Detailed scrutiny delaying permission for grant
- The levels of due diligence and the information sought on the one hand and the annual declarations to be given by the board members of civil society organisations on the other have increased significantly.
- The mandatory opening of bank accounts for foreign contributions has been centralised in one branch of the State Bank of India.
- The linking of Permanent Account Number (PAN), Aadhaar number and mapping it with the bank account/s of the individual board members are happening.
- The registrations under Foreign Contribution (Regulation) Act (FCRA) have been long necessitated in order to undertake due diligence of the causes for which the organisation is working for and also to have a handle on the traceability of funds.
- The dashboard shows a little under 17,000 active organisations — which have either got permission or will know their fate by March 2022, while around 33,000 organisations have either lost their permission or it has expired.
- Restriction on sub-grant: In the past, the amendments in the FCRA that restricted the ability to sub-grant, killed many of the niche organisations working in very remote areas which had no direct access to international funding but were doing it through larger non-governmental organisations.
- Restriction on administrative expenses: The other amendment restricting the proportion of expenses on administration almost choked organisations that worked for the rights of the disposed.
- The increasing level of surveillance type of data sought has resulted in many organisations losing people on their governance structure and resulting in problems in funding.
Why do we need Civil Society Organisations?
- We need them because they usually work on what can be called an unreasonable agenda.

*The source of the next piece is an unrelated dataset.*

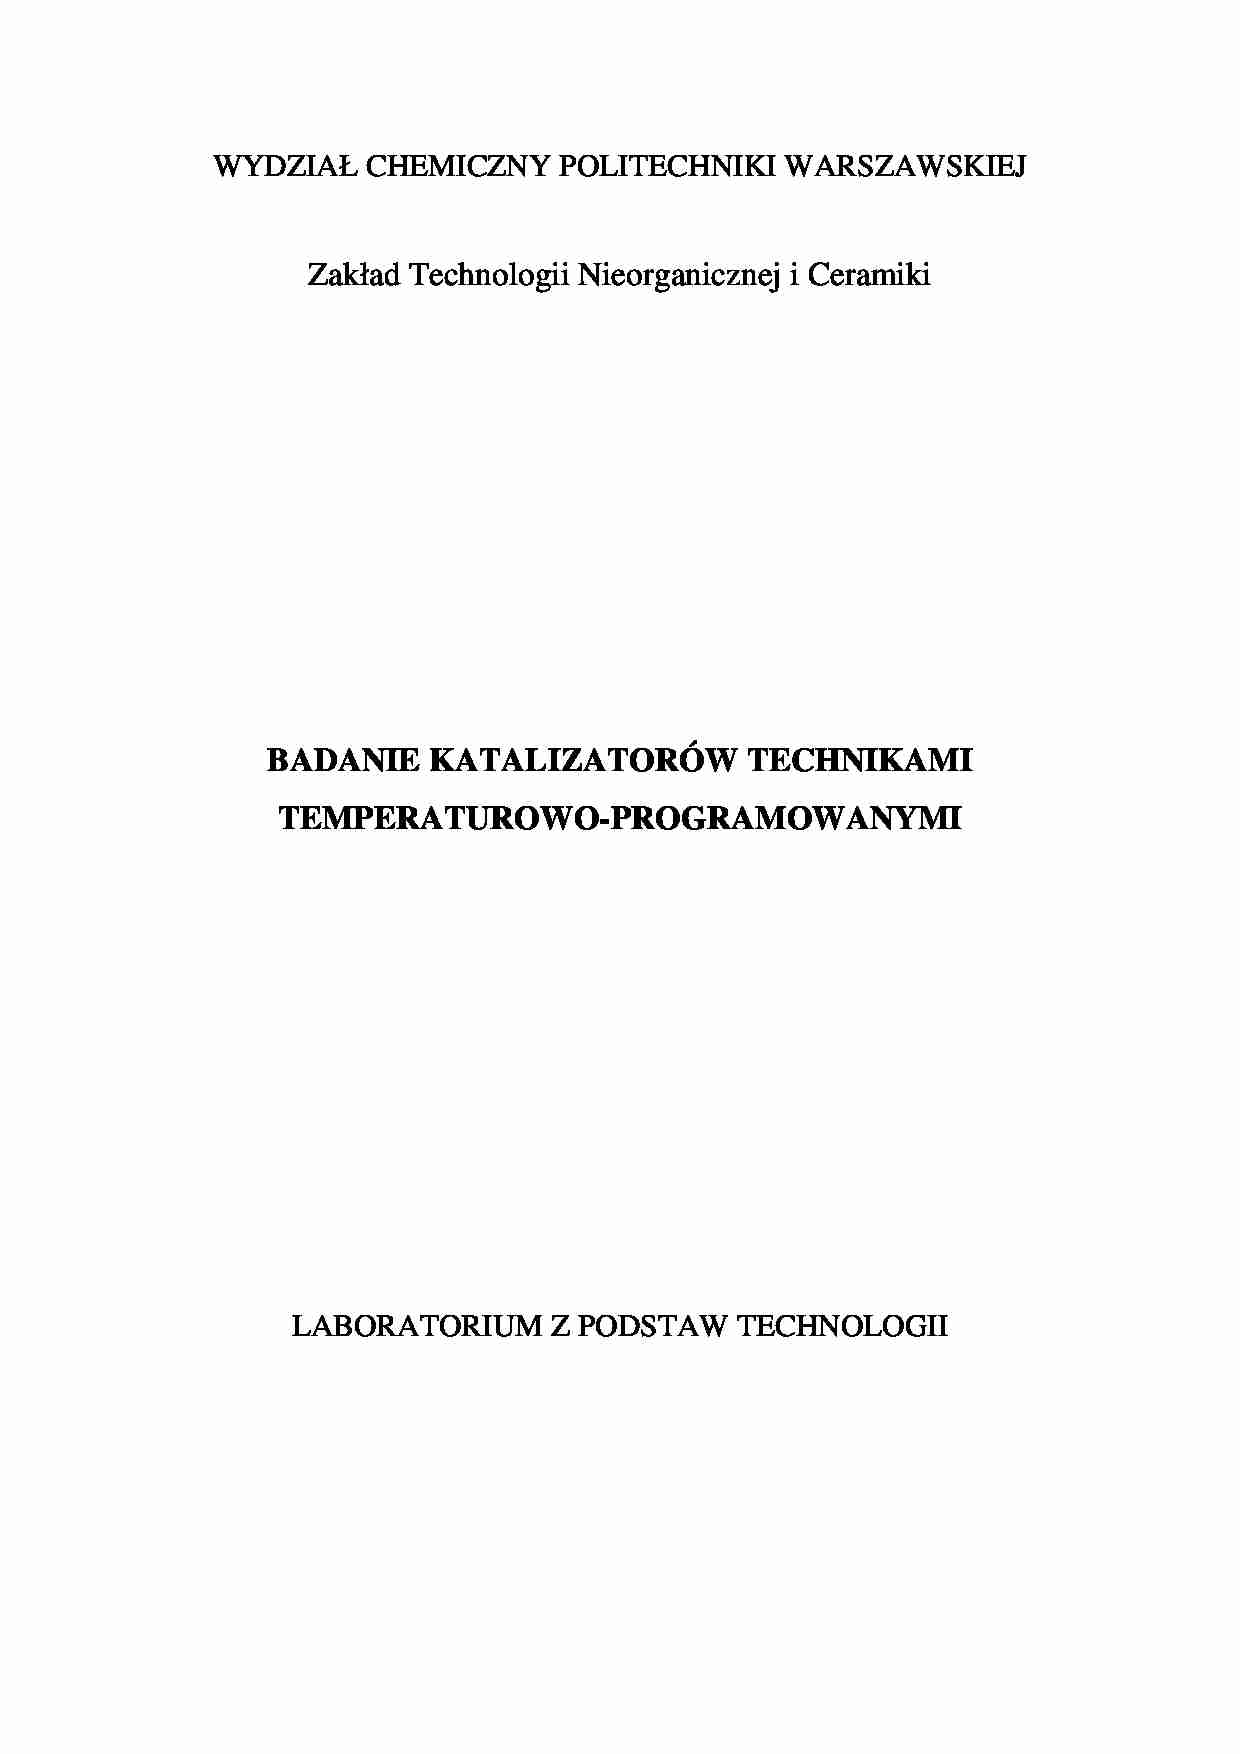 Badanie katalizatorów technikami temperaturowo-programowanymi-opracowanie - strona 1

- This unreasonableness falls in three large verticals.
-  Ensuring efficiency and accountability from state: The first is that they ask for greater efficiency, delivery and accountability from the state.
- Whether is it about rehabilitation and compensation in the case of land acquisition or setting up a great accountability framework as was done through the movement led by the Mazdoor Kisan Shakti Sangathan for the Right to Information.

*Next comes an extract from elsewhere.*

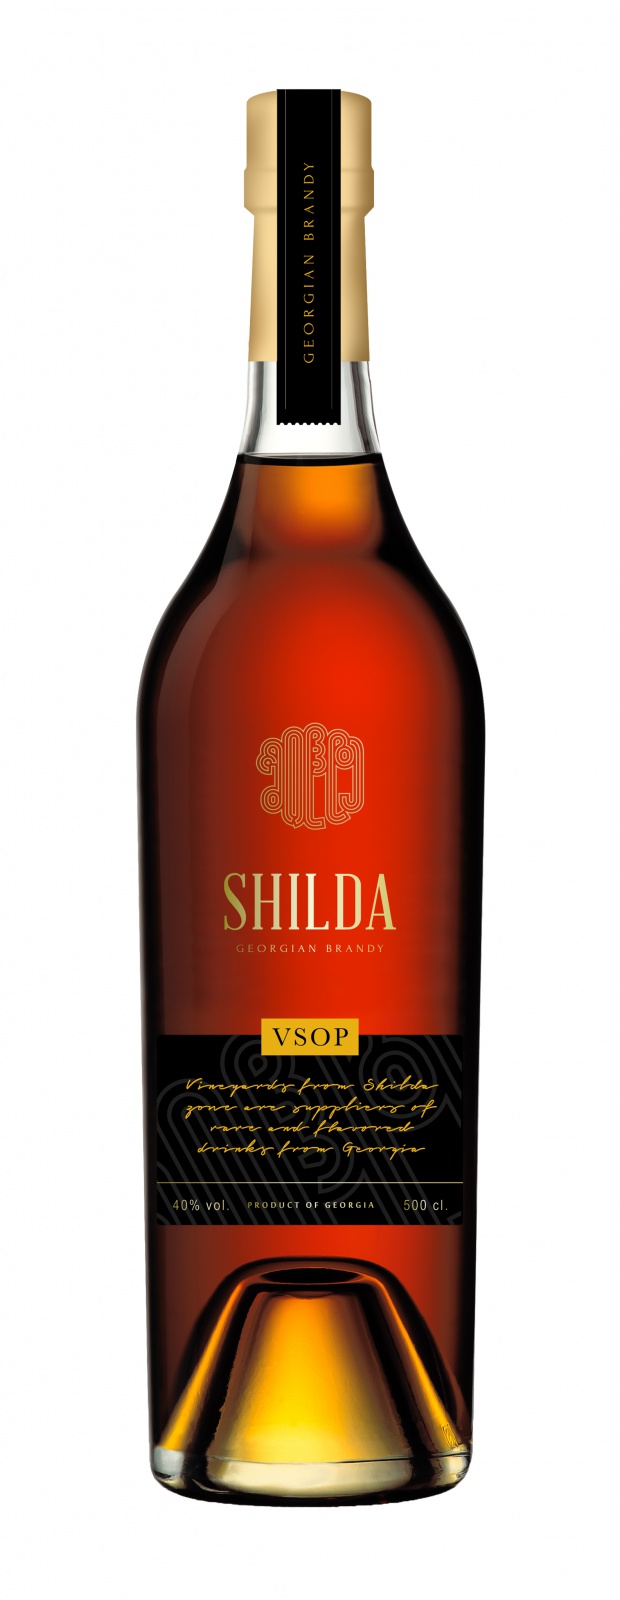 Shilda VSOP 50cl 

-  Correcting extractive nature of market: The second vertical is in correcting the extractive nature of markets.
- The groups asking for environmental accountability are looking at inter-generational justice on a matter that is not very precisely measurable but is palpable.

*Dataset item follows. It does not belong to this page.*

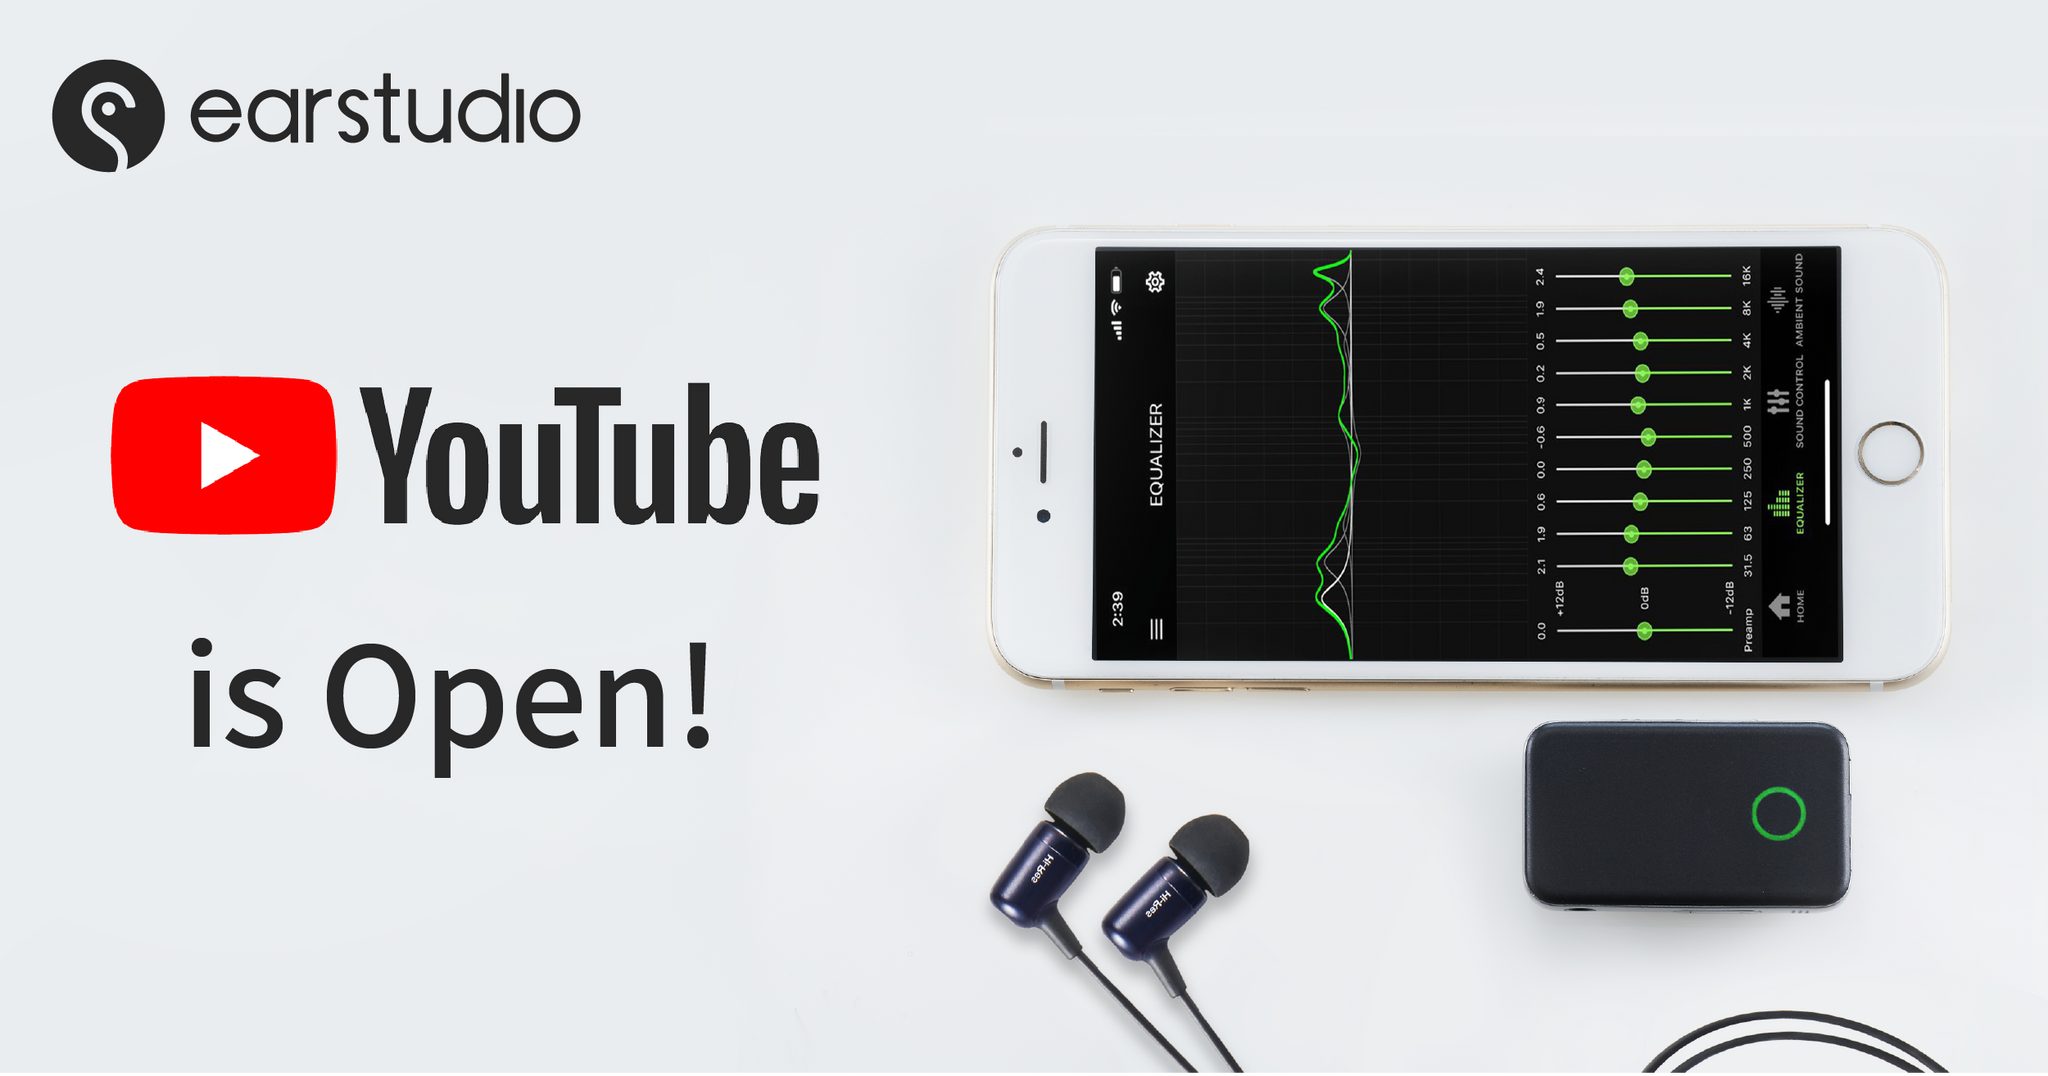 Official Earstudio Youtube Channel is open!

-  Picking up niche causes: The third is basically picking up causes that are so niche that it is beyond the capability of the state to come up with such initiatives.
- For example, a drama school set up in a village called Heggodu, Karnataka, or an idea of distributing clothing for work as done by Goonj.
- These initiatives cannot be put into specific business plans, spreadsheets or government schemes.
- They, therefore, need a grant-based, cause-based revenue stream model.
Should these organisations accept foreign funding?
- Causes have no boundaries: “Causes” have no boundaries and funding for such socially desirable belief systems could come from beyond borders.
- Some causes carried out by organisations such as Doctors Without Borders, or Reporters Without Borders are by definition international in nature.
- Similar is the case with the Jaipur foot provided by the Bhagwan Mahaveer Viklang Sahayata Samiti.
- The humanitarian work by the Missionaries of Charity is beyond the capability of a state.
- Such causes do not have a rational basis to be explained in terms of a financial model; how do you put a price tag to press freedom?
- The niche funding will happen from agencies that may be beyond the borders.
- The duality of welcoming foreign investments (which takes away capital gains and dividends) while actively discouraging foreign aid to charities is staring us in the face.
The government needs to ensure that the regulations do not create hurdles for the civil society organisations in their functioning and receiving fundings.